• What you should do:
An exact restatement of all the data is required, with the pictures left out.

• Data block:

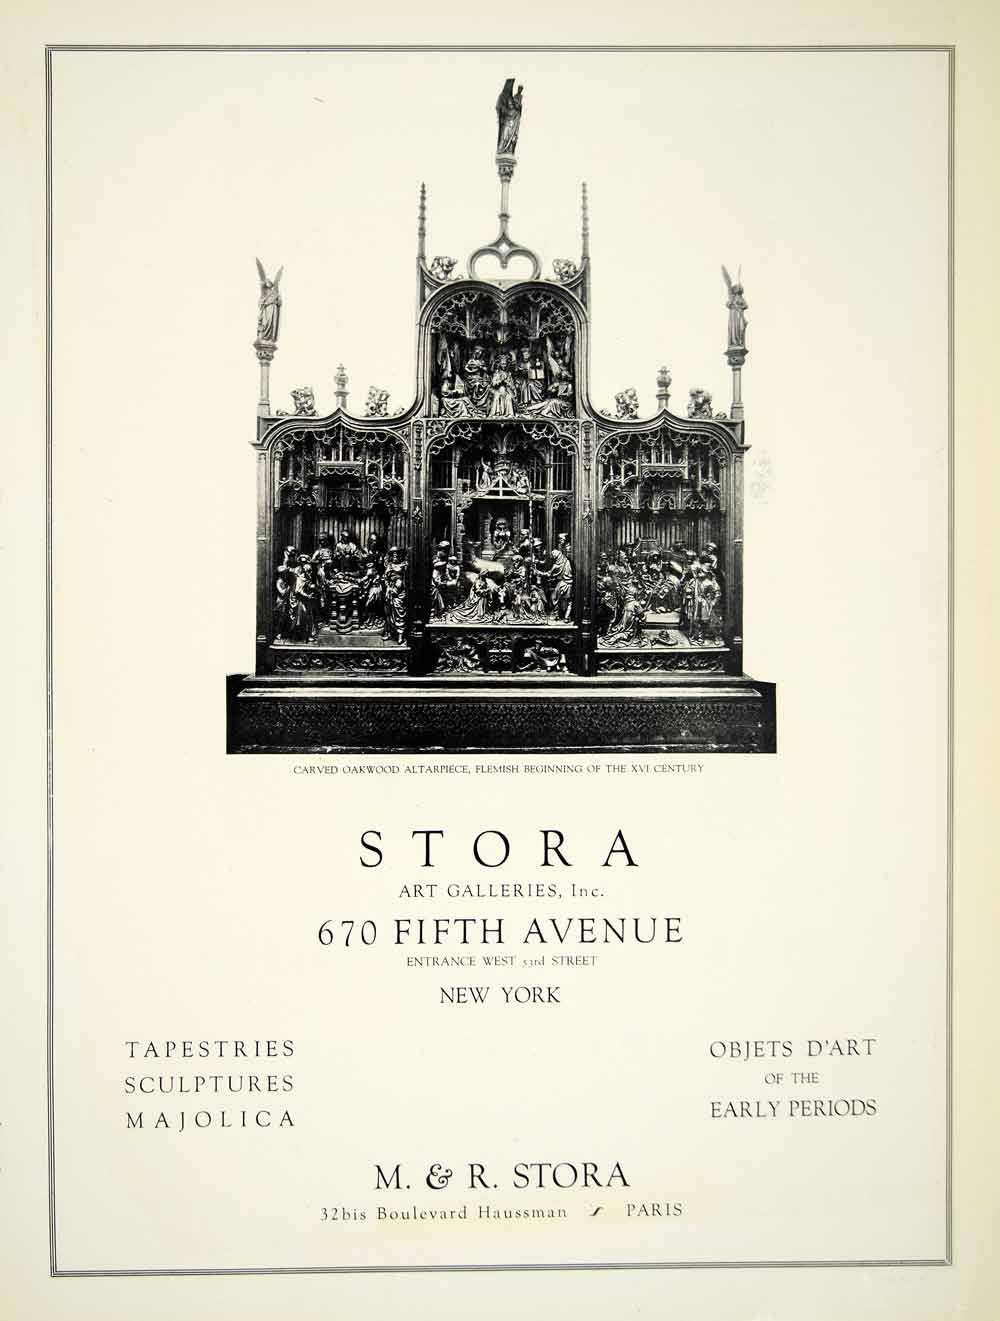 1931 Ad M&R Stora Art Gallery 670 5th Ave 32bis Boulevard Haussman Paris YAN1
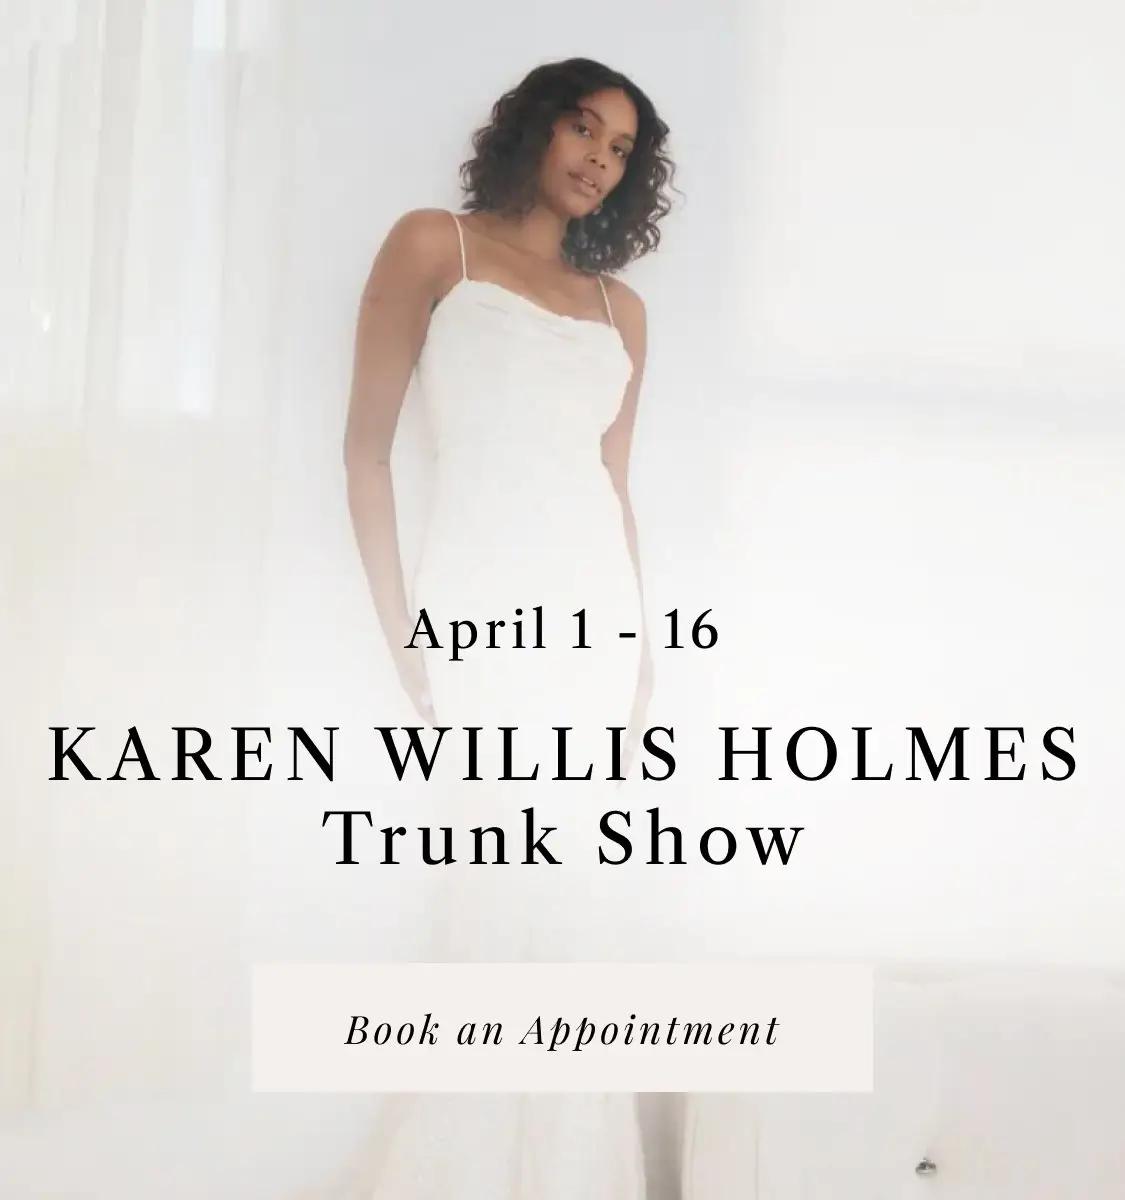 "Karen Willis Holmes Trunk Show" banner for mobile
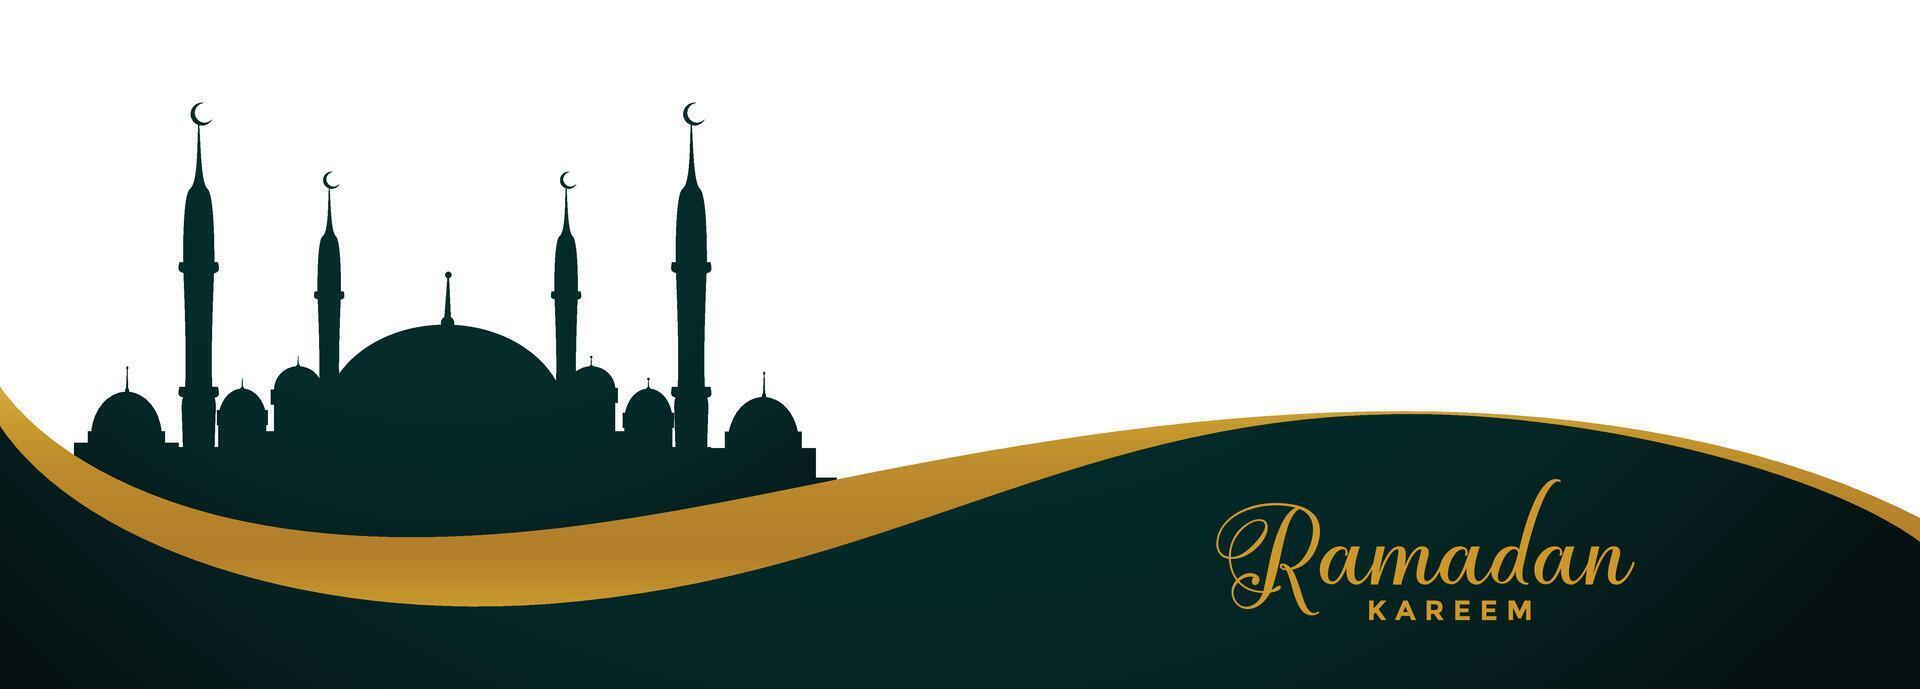 Ramadan kareem largo bandiera con moschea design vettore

• Solution:
 1931 Ad M&R Stora Art Gallery 670 5th Ave 32bis Boulevard Haussman Paris YAN1
 "Karen Willis Holmes Trunk Show" banner for mobile
 Ramadan kareem largo bandiera con moschea design vettore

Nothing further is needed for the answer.